I know it has been a while since the posting of this message, but I was wondering if you have any insights now that it has been a while. Also, I was curious if you found any better solutions after the DIY project. I know for me it seems like as soon as I decide to go in one direction, a slew of better choices pop up even though I can't take advantage of them.

Finally, I was wondering if you are interested in providing a service of making these changes to other people's flash units.

Hey Hoghunter,

Yeah, It's been almost a year, I think, since I tried this mod. It was actually pretty successful. I determined that my 5-cell NiMH pack recycles almost a full second faster than the 4 cells in the flash itself. I've actually been able to use up to 8 volts with improved performance and without failure, but it seemed too risky to continue using it at that level. I haven't seen much need to use my flash so extensively for me to merit building my 5-cell pack (It's just been tested, not completed). The in-flash batteries are fine for me at the moment.

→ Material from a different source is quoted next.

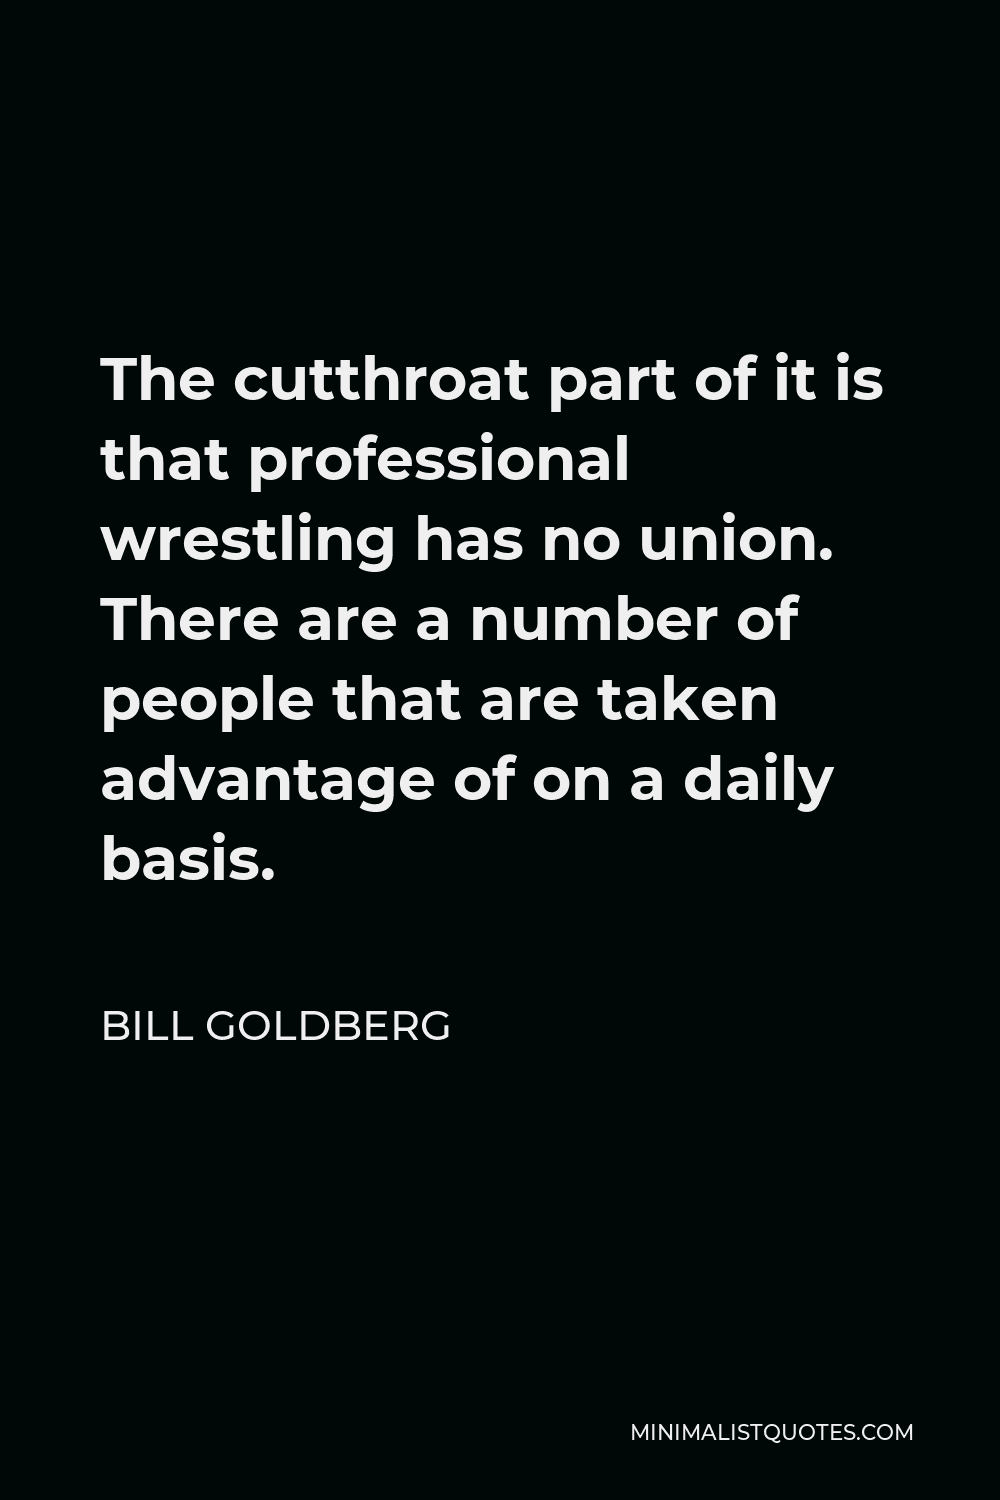 Bill Goldberg Quote - The cutthroat part of it is that professional wrestling has no union. There are a number of people that are taken advantage of on a daily basis.

If I were to improve upon this design, I wouldn't use NiMH's anymore. I'd invest in a 6V Sealed-lead-acid battery and call it a day. I don't think I'd need to change anything on the flash itself...just the battery pack. Better solutions for the Sigma Super? None that I've found. Faster recycling time means higher voltage and less internal resistance, and the only way to really do it is to use a battery pack.

As for doing this modification for others, I can in no ways say that my soldering skills are professional. I took one soldering class my freshman year of College, and since then, I just do random projects here and there. Most of the time, I end up melting some of the plastic shells of whatever I'm working on, so maybe me doing it isn't the best idea.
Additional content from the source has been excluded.